Jill smiled and said, “This seminar is at the Grand Ole Opry Hotel.”
“Oh, my God!” exclaimed Godwin. “Oh, Jill, you go right back to the police station and sign up! You don’t want to miss this! Betsy, you have to see this place! It’s as big as the Mall of America, but it’s a hotel! It’s got a river running through the middle of it! And there’s a jungle, with orchids and palm trees! Big palm trees! And a New Orleans section, with jazz bands and—well, you just have to see it!”
“Looks like we’re for it, Betsy,” Jill said.
And Betsy surrendered, lifted her hands, and said, “I guess so. I’ll confirm our reservations tonight, Goddy.”

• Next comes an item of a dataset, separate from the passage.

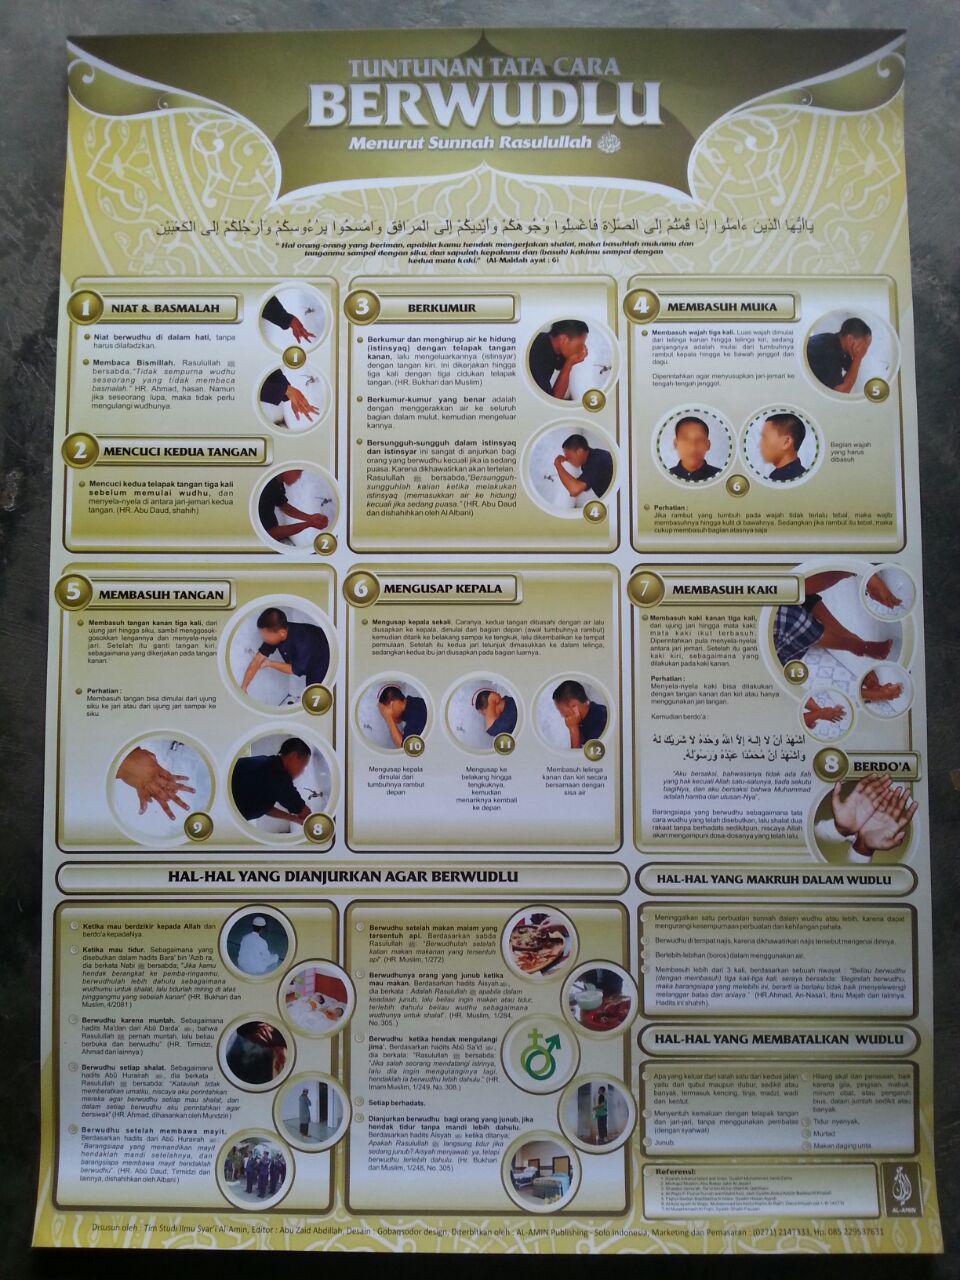 Poster Tuntunan Tata Cara Berwudhu

Wednesday, December 12, 8.40 A.M.
Betsy and Godwin climbed into Betsy’s big Buick with the next-to-smallest U-Haul trailer fastened behind. The trailer was there because the market was “cash-and-carry,” meaning the thousands of dollars in stock they would buy must be taken away on the spot. And because neither Godwin nor Betsy traveled light, the back seat and trunk of the car were already filled with their suitcases.
Godwin had suggested Jill ride down with him and Betsy, but Jill couldn’t spare the travel time, and so was flying down Friday morning. Which, as it turned out, was a good thing for her.
The temperature climbed as Betsy and Godwin drove south, of course, and she felt comfortable sharing the driving with Godwin. But overcast skies turned to snow in Rockford, Illinois, and then to sleet. Betsy took over the wheel as sole proprietor, and they stopped in Bloomington for the night.